• Provided information
........

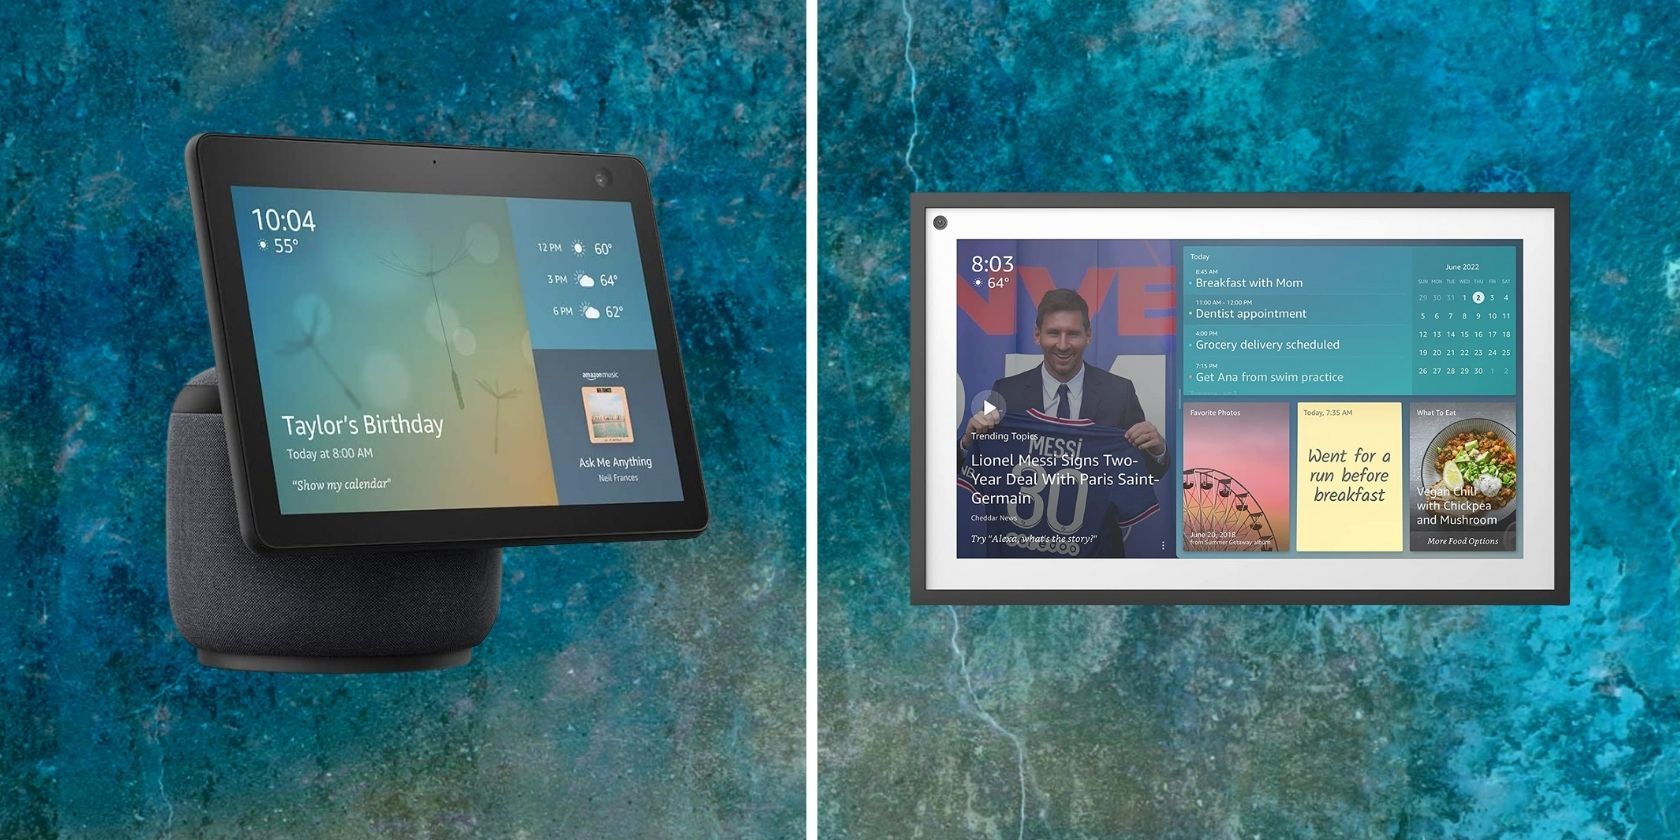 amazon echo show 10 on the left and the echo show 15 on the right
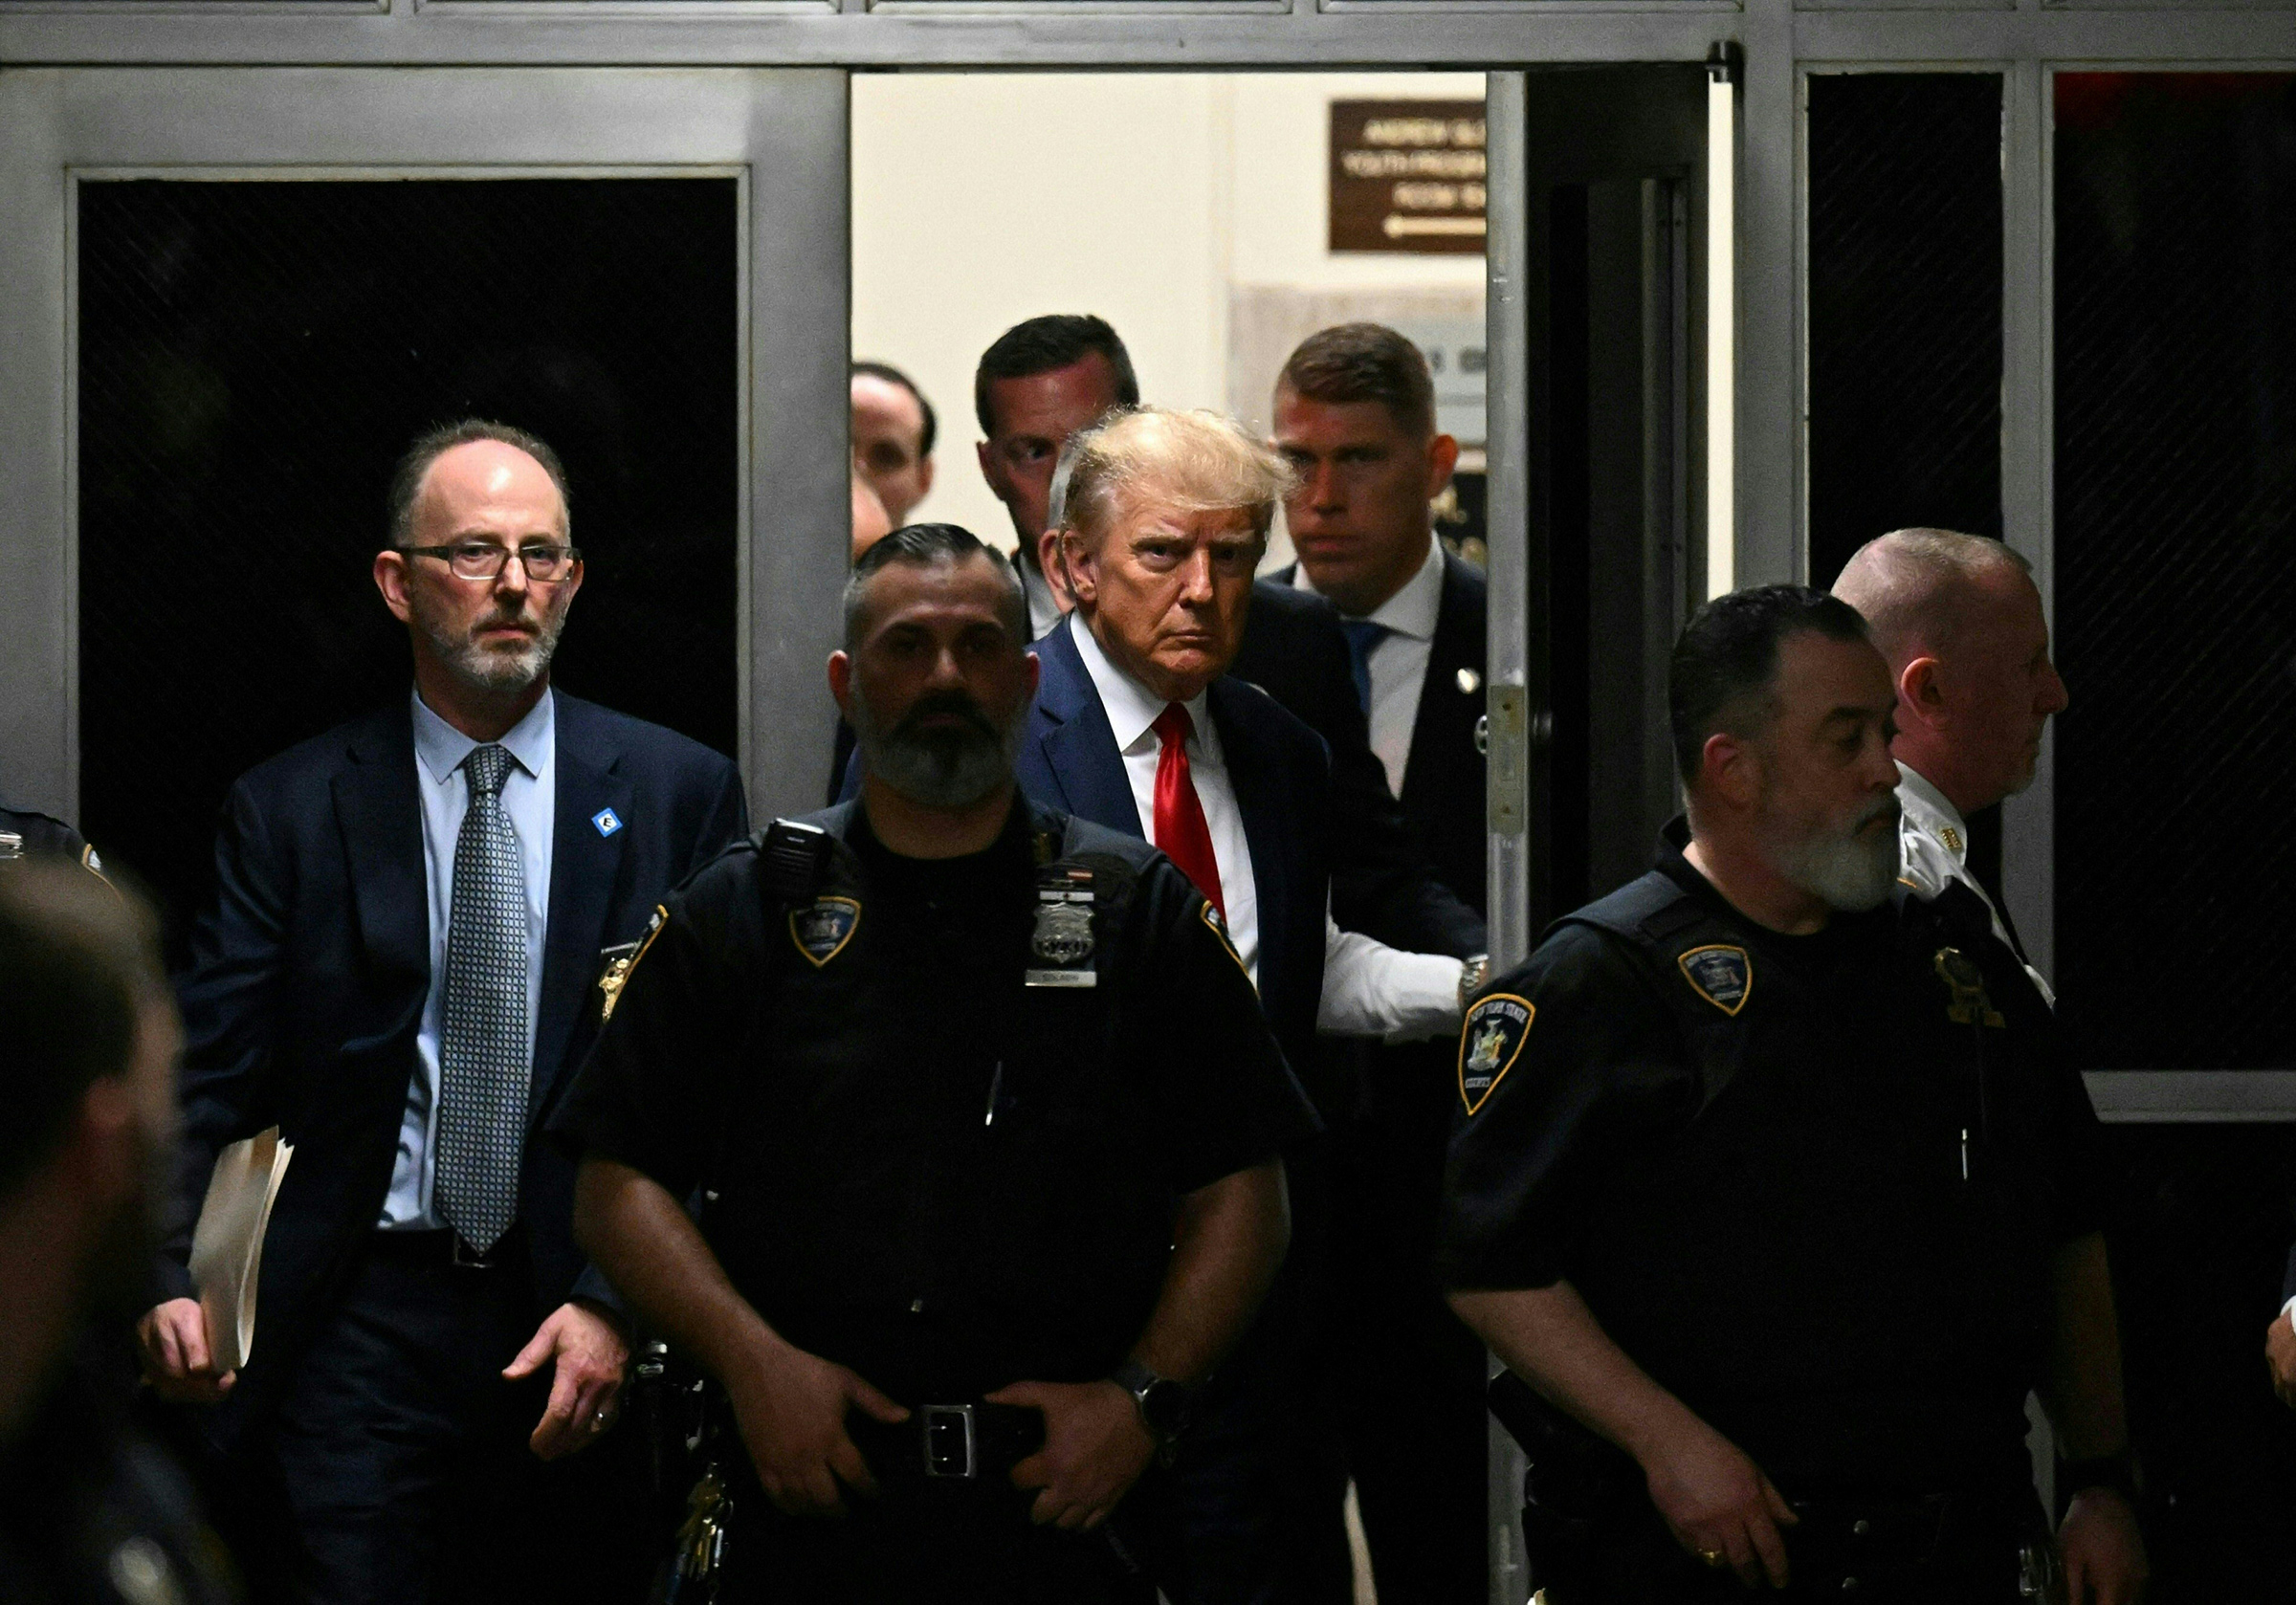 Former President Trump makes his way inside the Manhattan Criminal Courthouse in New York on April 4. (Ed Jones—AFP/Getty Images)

........

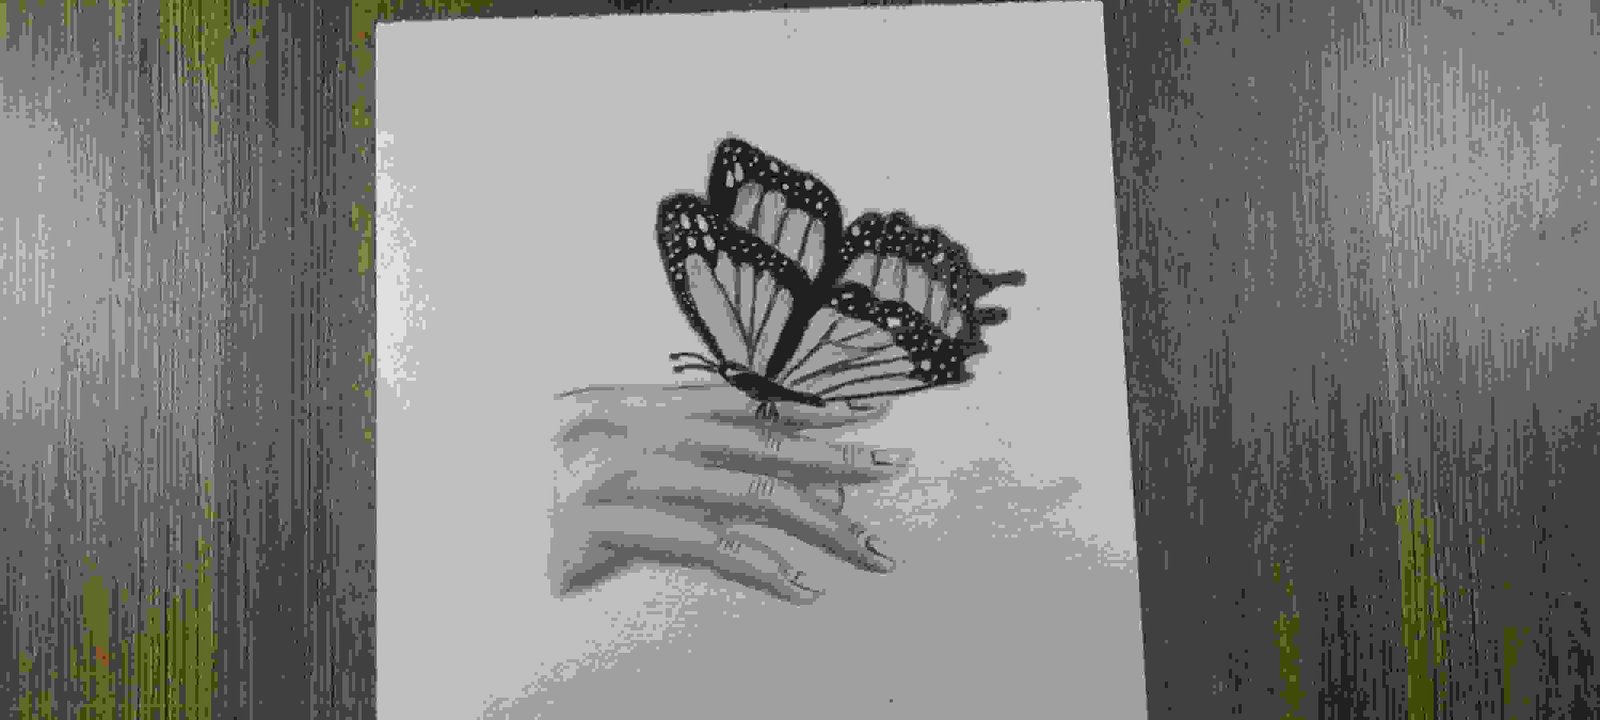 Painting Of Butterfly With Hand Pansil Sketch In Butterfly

........

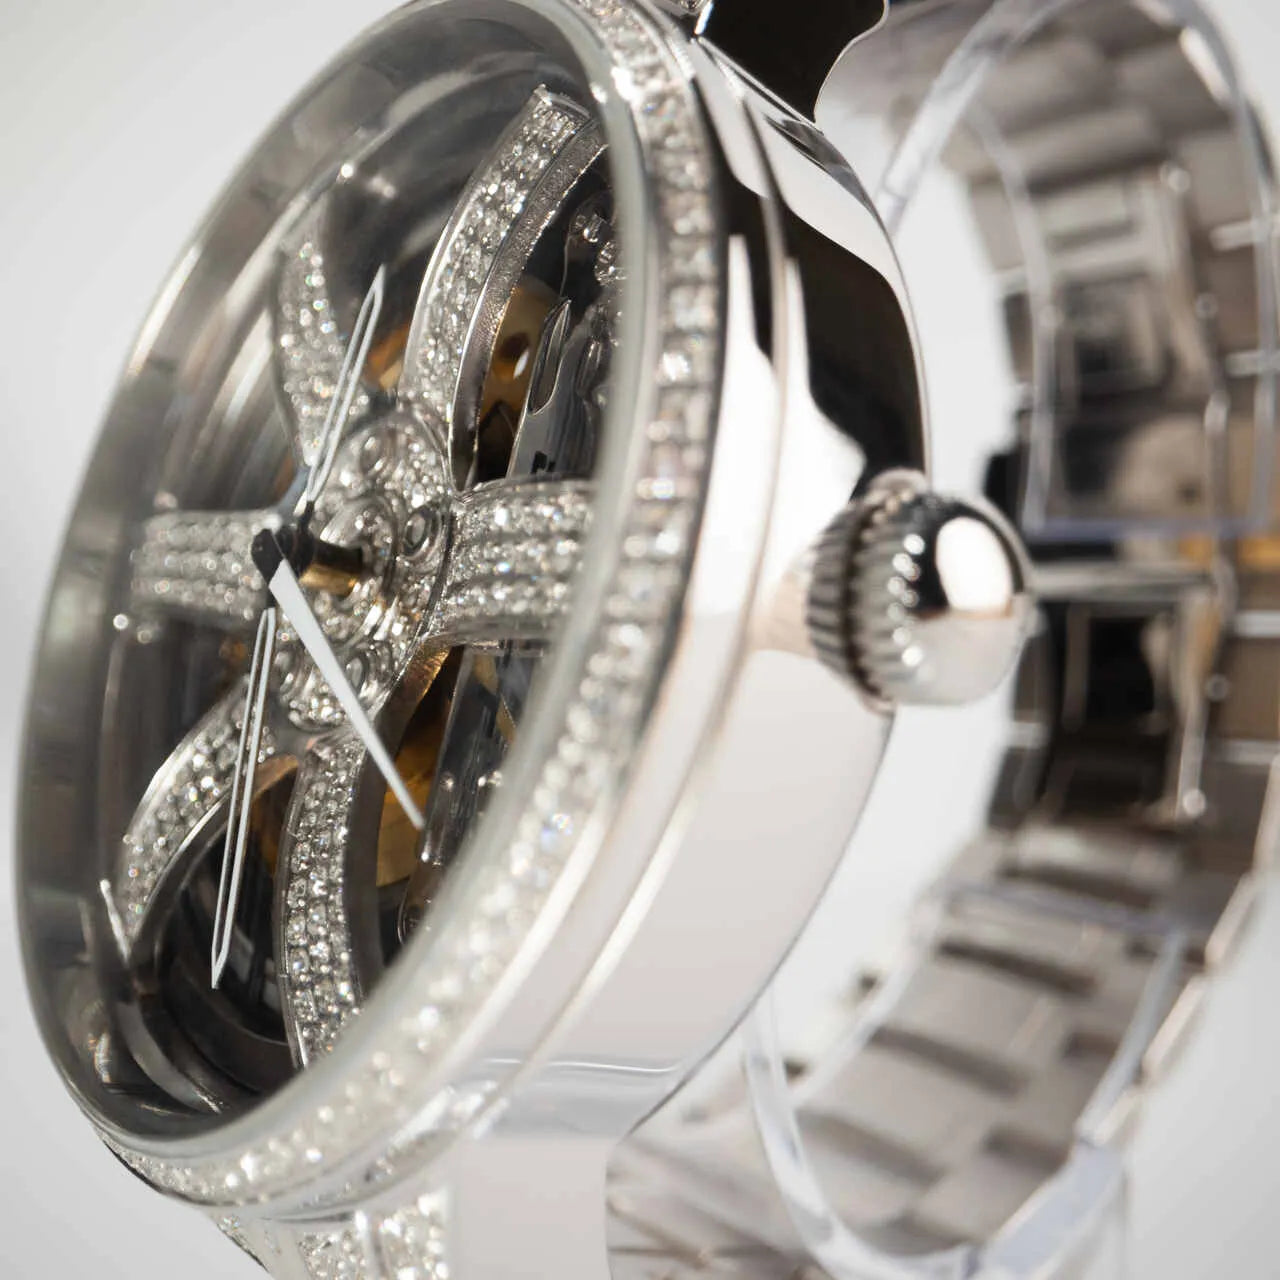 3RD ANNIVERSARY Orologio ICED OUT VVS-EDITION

........

• Task instructions
In the listing above, find the line containing "amazon echo show". Output it and every line after it up to and including the line containing "Former President Trump", exactly, but skip the pictures.

• Reply to the task
 amazon echo show 10 on the left and the echo show 15 on the right
 Former President Trump makes his way inside the Manhattan Criminal Courthouse in New York on April 4. (Ed Jones—AFP/Getty Images)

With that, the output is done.